Unit 2. The Language of Form

Every garden has a shape or pattern that tells a story or conveys a mood. So in this unit we are going to explore the formal aspect of garden design, again looking at examples from various cultures, comparing and contrasting different modes: the straight line and the curve, the rectangle and the circle, the symmetrical and the unsymmetrical, the formal and the informal, the divisions within a space or the absence thereof. Let’s start with a couple of examples of ultra-formal gardens.

This is part of the garden of Hampton Court Palace on the outskirts of London. As you can see, it is almost entirely composed of squares and rectangles, except for the pond in the middle. It speaks of an ordered world, a society where everyone knew their place in the hierarchy from the King to the gardener.

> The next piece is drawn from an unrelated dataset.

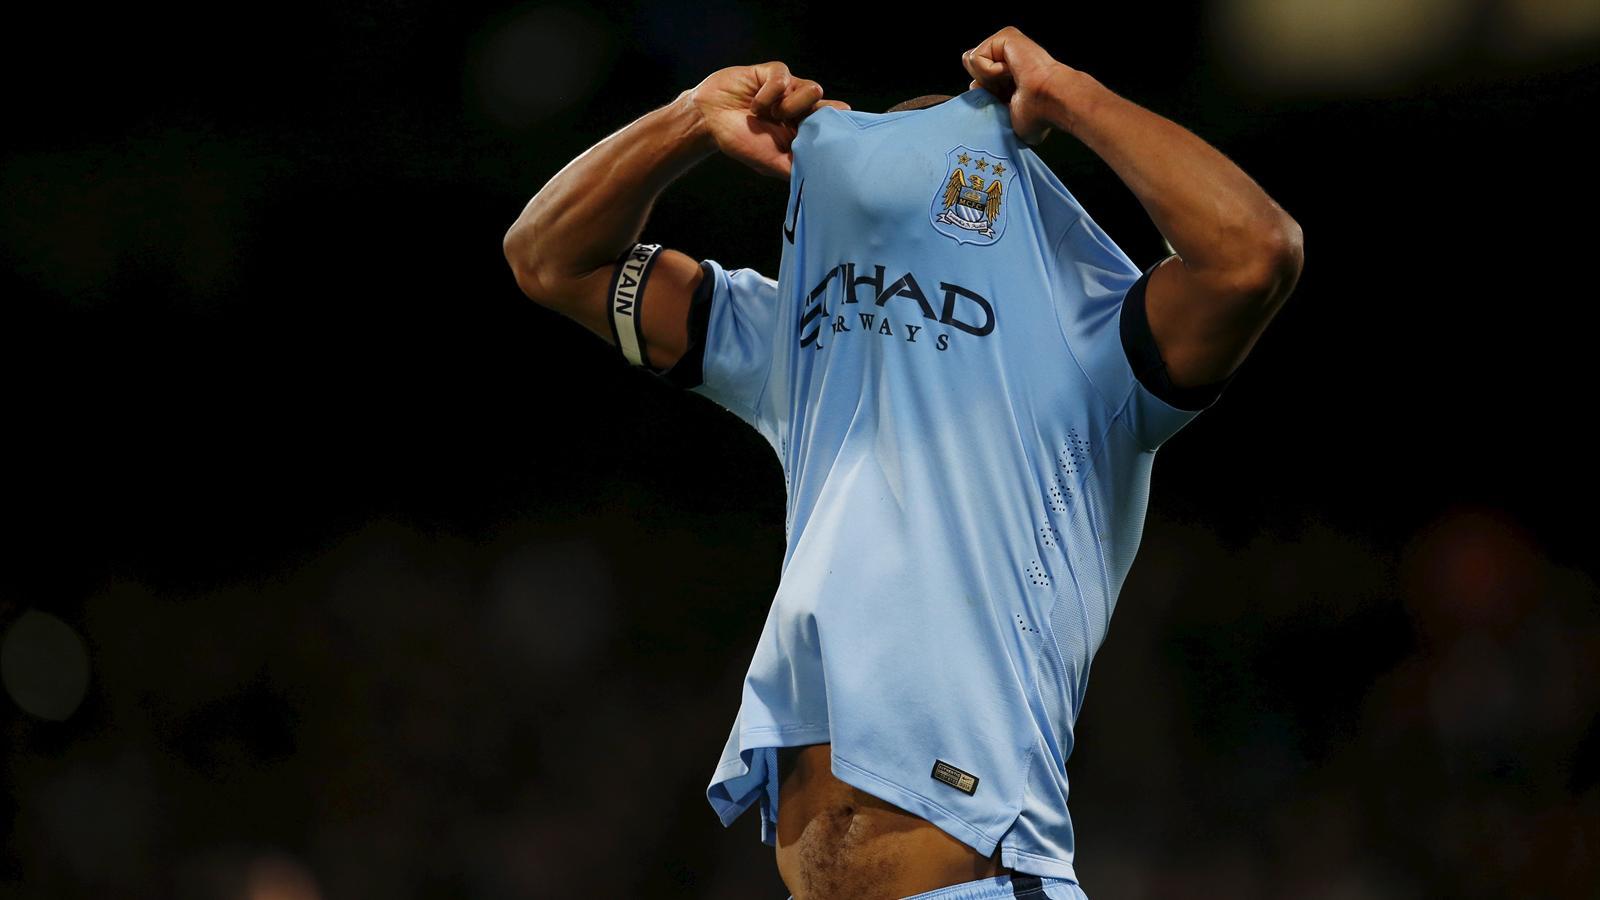 Manchester City's Vincent Kompany looks dejected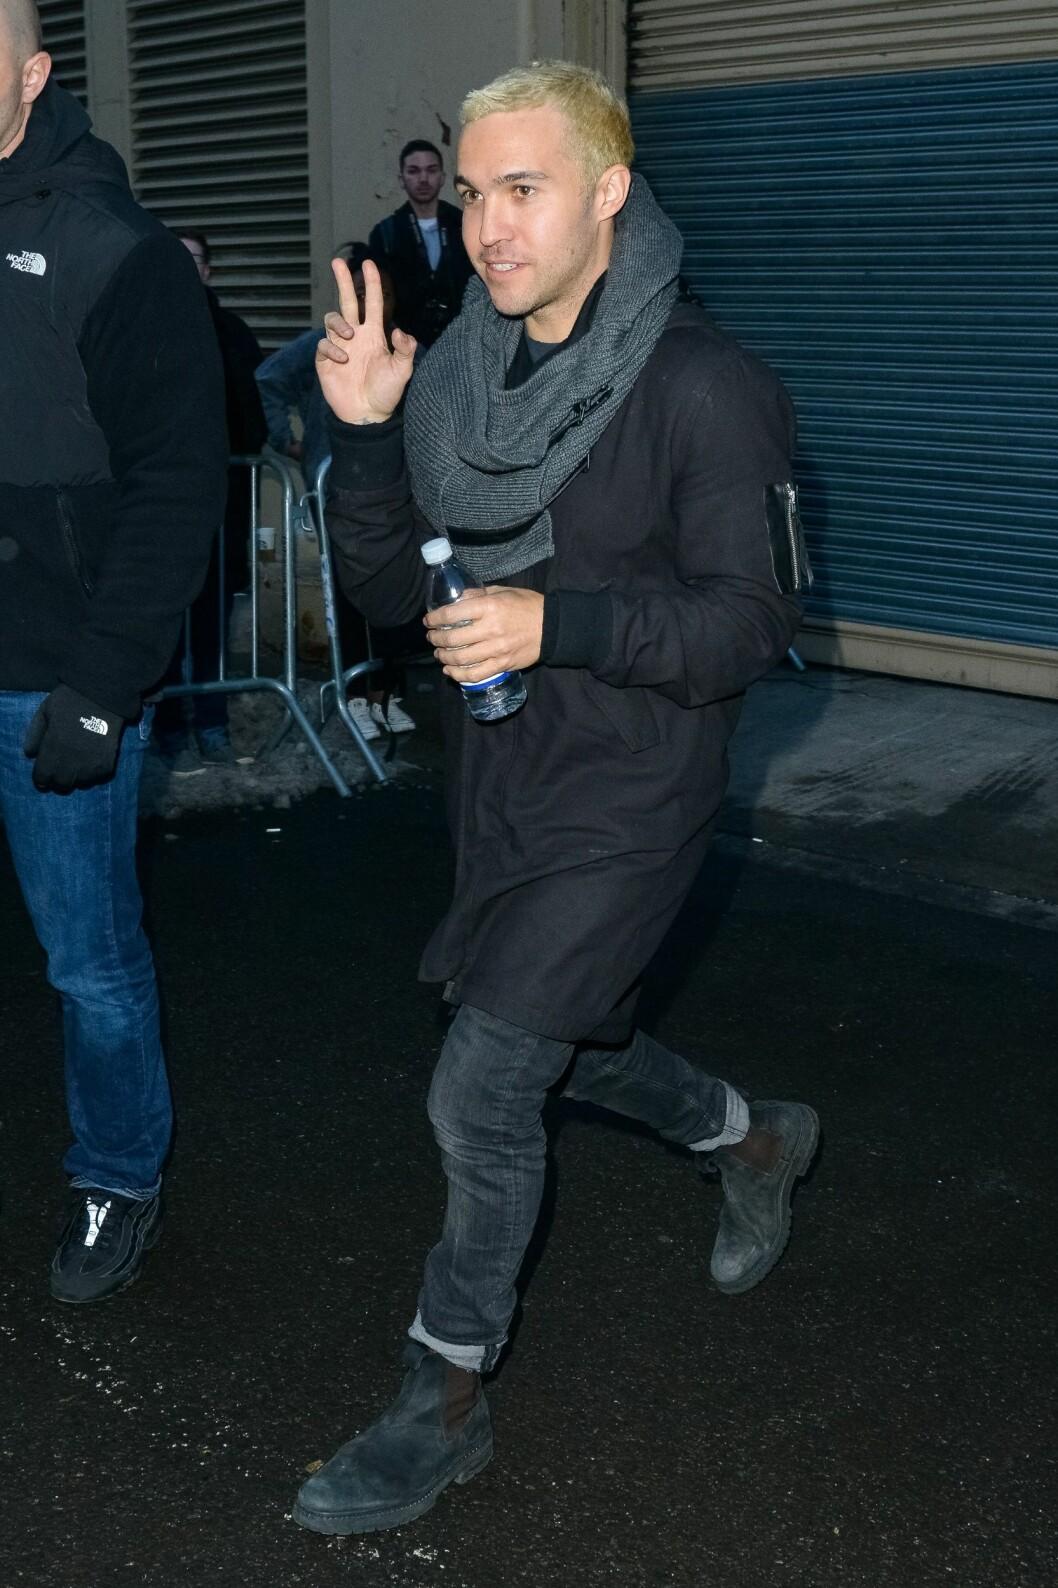 BLANT GJESTENE: Fall Out Boy-bassist Pete Wentz ankommer Kanye West x Adidas-show i New York. Foto: MediaPunch/REX/All Over Press

Next we go to the Islamic world, where a garden is typically conceived as a foretaste of paradise. The Bible tells us that Eden, the original paradise, had four rivers, of wine, water, milk and honey, going out from the center. Here is the Lion Court in the Alhambra at Granada, Spain, with four water channels emanating from the central basin to represent the four rivers. Like the European formal gardens it is very regular and symmetrical.

Now, as a complete contrast, here is a plan of the park at Stowe in Buckinghamshire, England, a stately home built in the 18th century by Lord Cobham and now the home of a famous boarding school. There are almost no straight lines, and it’s all made to look like a natural landscape with meandering paths, groves of trees dotted about haphazardly, and a lake with a very irregular shape.

And now to China. Here’s a garden in Suzhou where we see the influence of the Taoist tradition. The word Tao means roughly the way or the essential flow of all things. Taoism merged with an even older tradition, that of feng-shui, the Chinese art of geomancy, which involves the concept of ch’i, a universal vital energy, often symbolized as a dragon. It has two aspects: yin, feminine and yang, masculine. Yin is curves and irregularity. Yang is straight lines and regularity.

This garden has some typical features. It’s broken up into compartments with straight walls (yang), entered through circular moon gates (yin). Different elements (water, stone, vegetation), representing vital energies, come together in a seemingly random arrangement that seeks to suggest the natural flow of the ch’i and the oneness of all things.

The design of Japanese gardens – like this one, the Ten Ryu-ji in Kyoto – owes much to Chinese concepts such as yin and yang and the flow of the ch’i, but is also influenced by the Shinto religion, in which everything in nature is believed to have a gender, and great care is taken to balance the two. Here the upright stone in the foreground is male, while the lower, rounded one beside it is feminine. The whole arrangement of the garden is intended to convey the impression of a totally natural landscape, but in fact it is very carefully composed and rigorously tended, as you can see from the perfect grassy bank in the foreground and the beautifully clipped bushes in front of the temple in the background.

Getting the ch’i right

Now let’s see if we can apply in practice what we have learned about form and the flow of the ch’i. Let me take as a test case a garden in Bremen which my wife Donate and I used to own. When we took it over, it was basically a rectangle about 40 feet long with straight flower beds on either side, so the energy simply shot through it in a straight line. In the middle was a rectangular lawn in very bad condition, which we almost never used. We replaced the lawn with a paved area, changed the shape and size of the beds and added some features to create visual variety. The following two sketches show the garden before and after the re-modelling.

Here is the garden being re-worked

And here is is with the transformation complete

Marking the Centre

By placing some object in the centre of a garden we mark the centre of our own mini-world and thus symbolically the centre of the greater world. The builders of Islamic gardens often marked the centre with a fountain, a pool (as in the Taj Mahal garden) or simply a point where four paths come together to form a cross. In the photograph of our Bremen garden you will see that the centre is marked by a sundial. In fact it’s not in the exact geometrical centre but more the intuitive centre, which I determined by dowsing with a pendulum. Of course not all gardens lend themselves to having the centre precisely marked, but usually – even in the most informal garden – one can find the spot that intuitively feels like the centre.

Exercsises

1. Looking purely at the form and shape, say which of the gardens described so far appeal to you most, and why.

2. Imagining you have an empty plot of land behind your house, measuring 25 by 50 feet, where you are going to create a garden. Describe what shape you would give it, how you would divide up the space, and how you would optimize the energy flow.

3. Think about whether you would want to mark the centre and how you would do it. 4. Do a similar exercise imagining you have a property of several acres and unlimited resources.